Nella provincia di Taranto, dove hanno sede le acciaierie dell’ex-Ilva, è previsto che la transizione avrà un impatto negativo sull’occupazione, che già oggi registra livelli più bassi rispetto alla media regionale e nazionale, soprattutto per i giovani e le donne. Inoltre, secondo la Commissione europea, la transizione dall’acciaio aumenterà la domanda di energia da fonti rinnovabili e l’attuazione del consentirà di garantire la disponibilità di queste fonti. In particolare, è prevista la costruzione di turbine eoliche e di impianti geotermici per gli edifici pubblici e l’attuazione di progetti di ricerca sull’idrogeno verde. Tra gli obiettivi nella provincia pugliese c’è anche la creazione di una cintura verde, intorno alla città di Taranto, per ripristinare terreni dismessi e degradati e contribuire alla riduzione di Co2.

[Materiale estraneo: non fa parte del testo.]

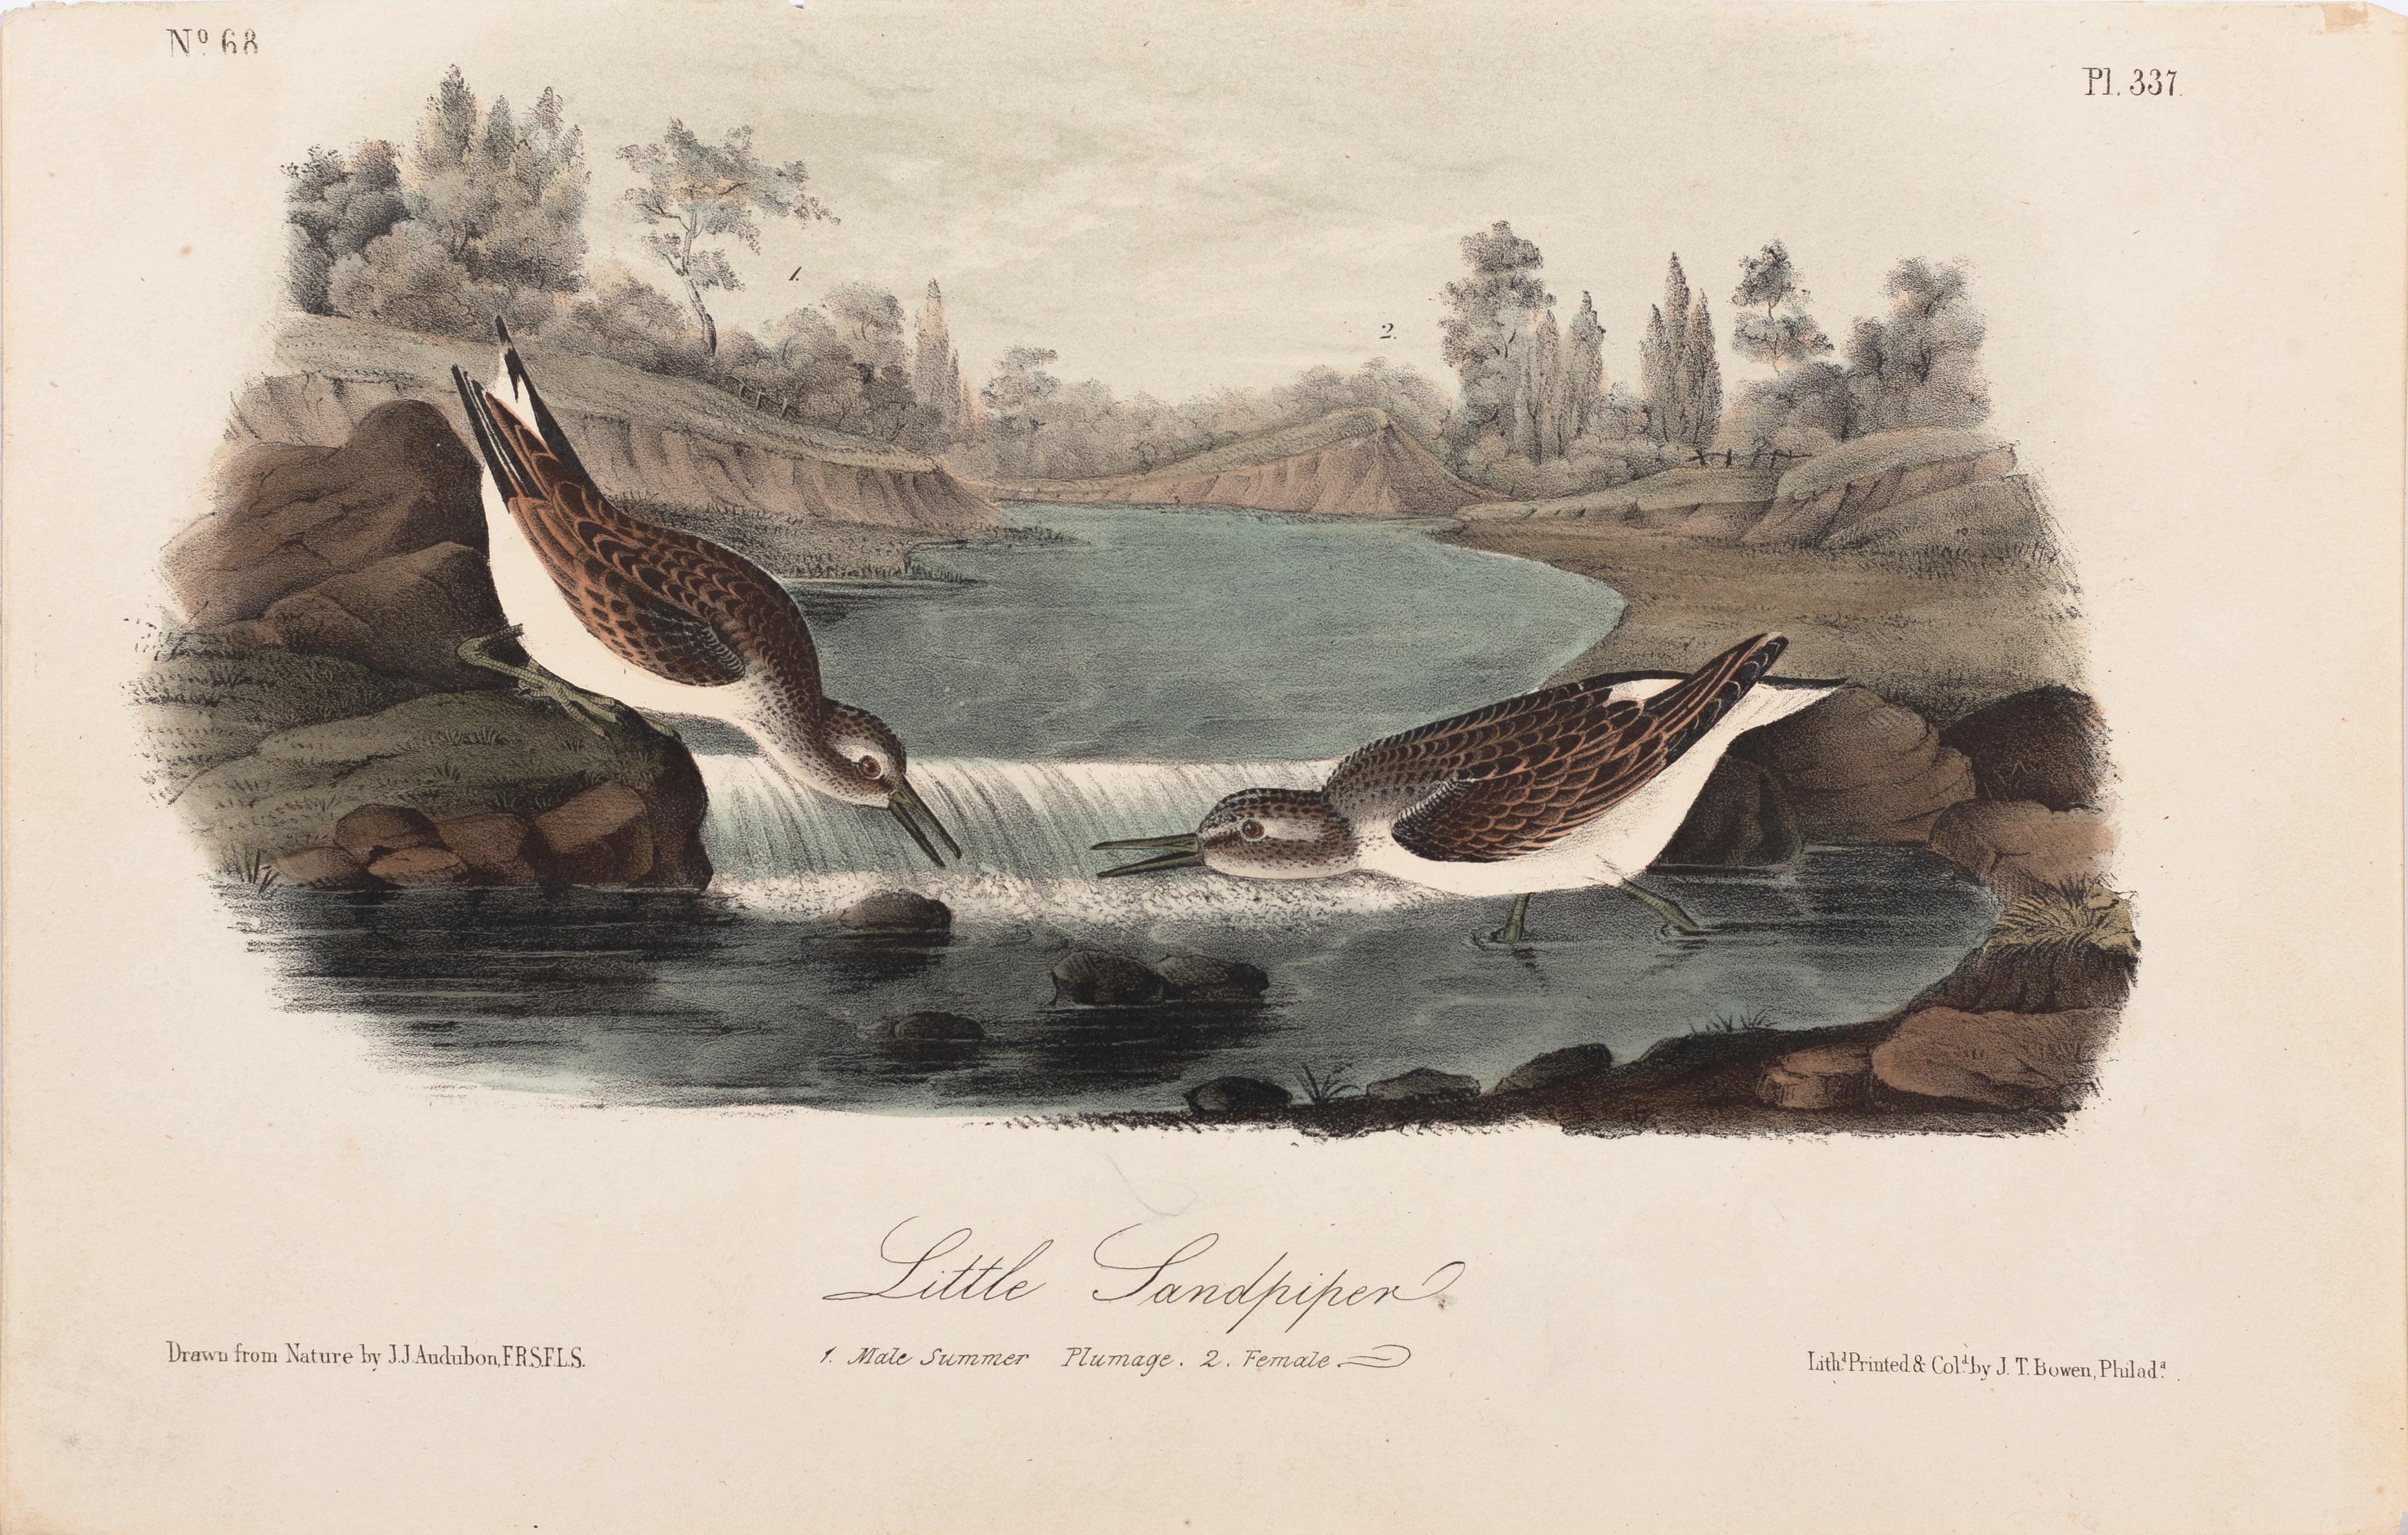 John James Audubon Animal Print - The Birds of America "Little Sandpiper" Plate 337

Per quanto riguarda la zona del Sulcis, sede dell’ultima miniera di carbone, la Commissione prevede che il processo di transizione potrà aggravare i problemi strutturali economici e sociali già presenti. Secondo l’esecutivo comunitario infatti, essendo l’economia locale ancora fortemente dipendente dal settore siderurgico e minerario, la graduale eliminazione del carbone inciderà sul livello di occupazione delle medie e grandi imprese, causando perdite di posti di lavoro.

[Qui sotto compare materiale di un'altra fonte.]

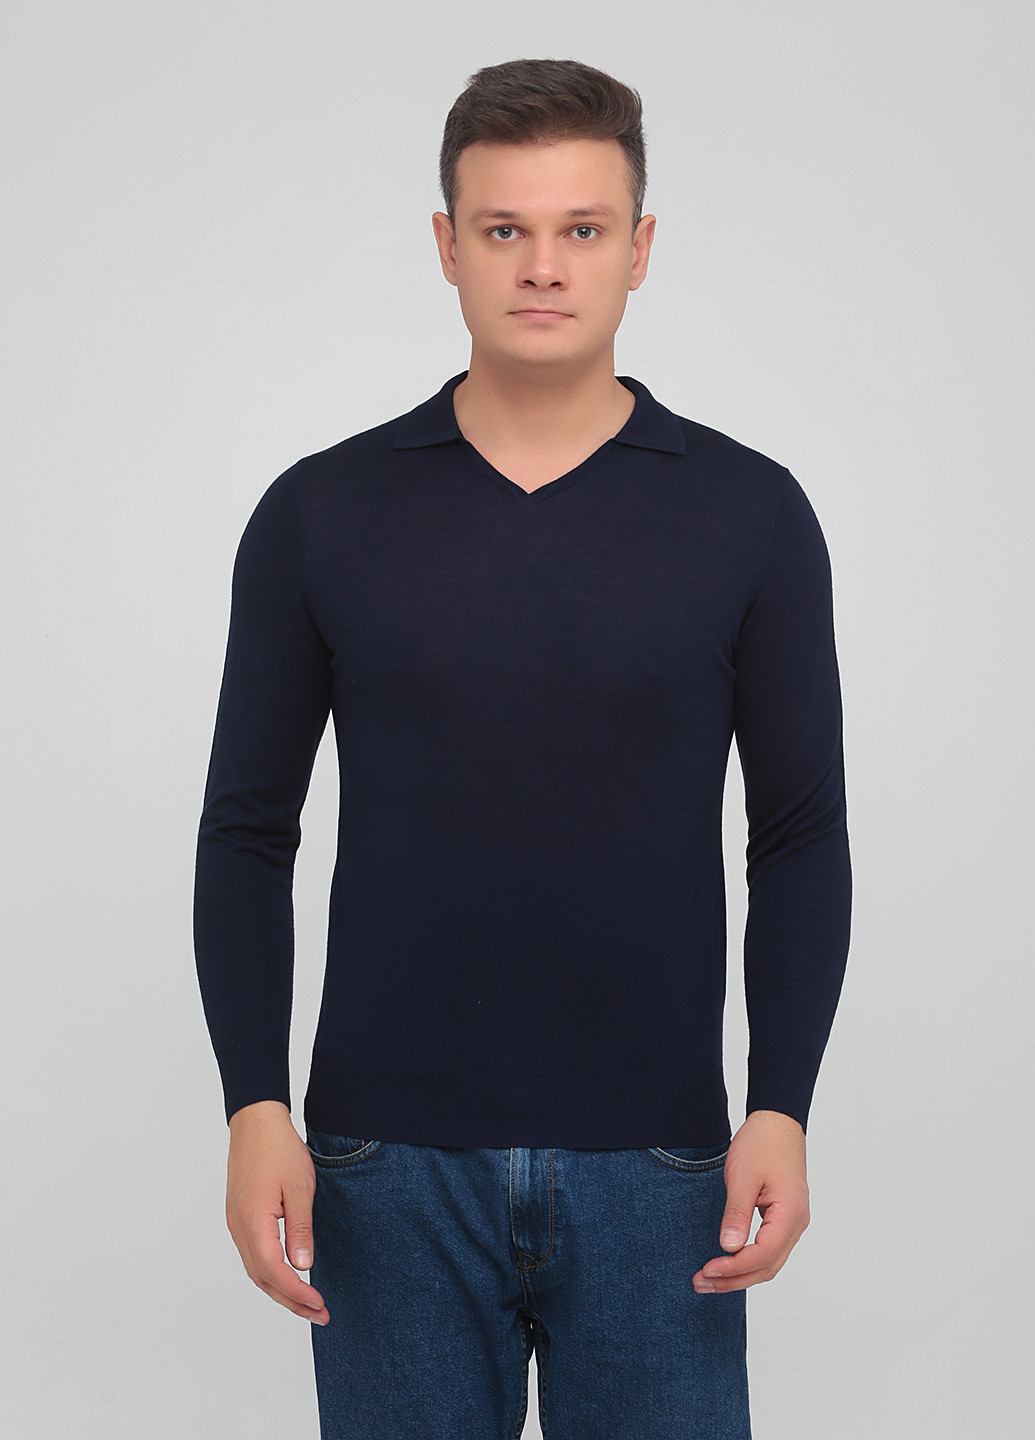 Темно-синий демисезонный пуловер пуловер Pierre Balmain

Nello specifico, nel Sulcis Iglesiente l’obiettivo principale – spiega la Commissione – è sfruttare il potenziale della regione per la produzione e la rigenerazione di energia elettrica da fonti rinnovabili. Il programma sostiene quindi la creazione di comunità di energia rinnovabile per contribuire a ridurre la povertà energetica della zona e sostiene l’uso di tecnologie pulite per migliorare l’efficienza energetica delle imprese e dei processi produttivi. Infine, il programma prevede la bonifica di aree contaminate che possono essere utilizzate per l’insediamento di nuove attività economiche.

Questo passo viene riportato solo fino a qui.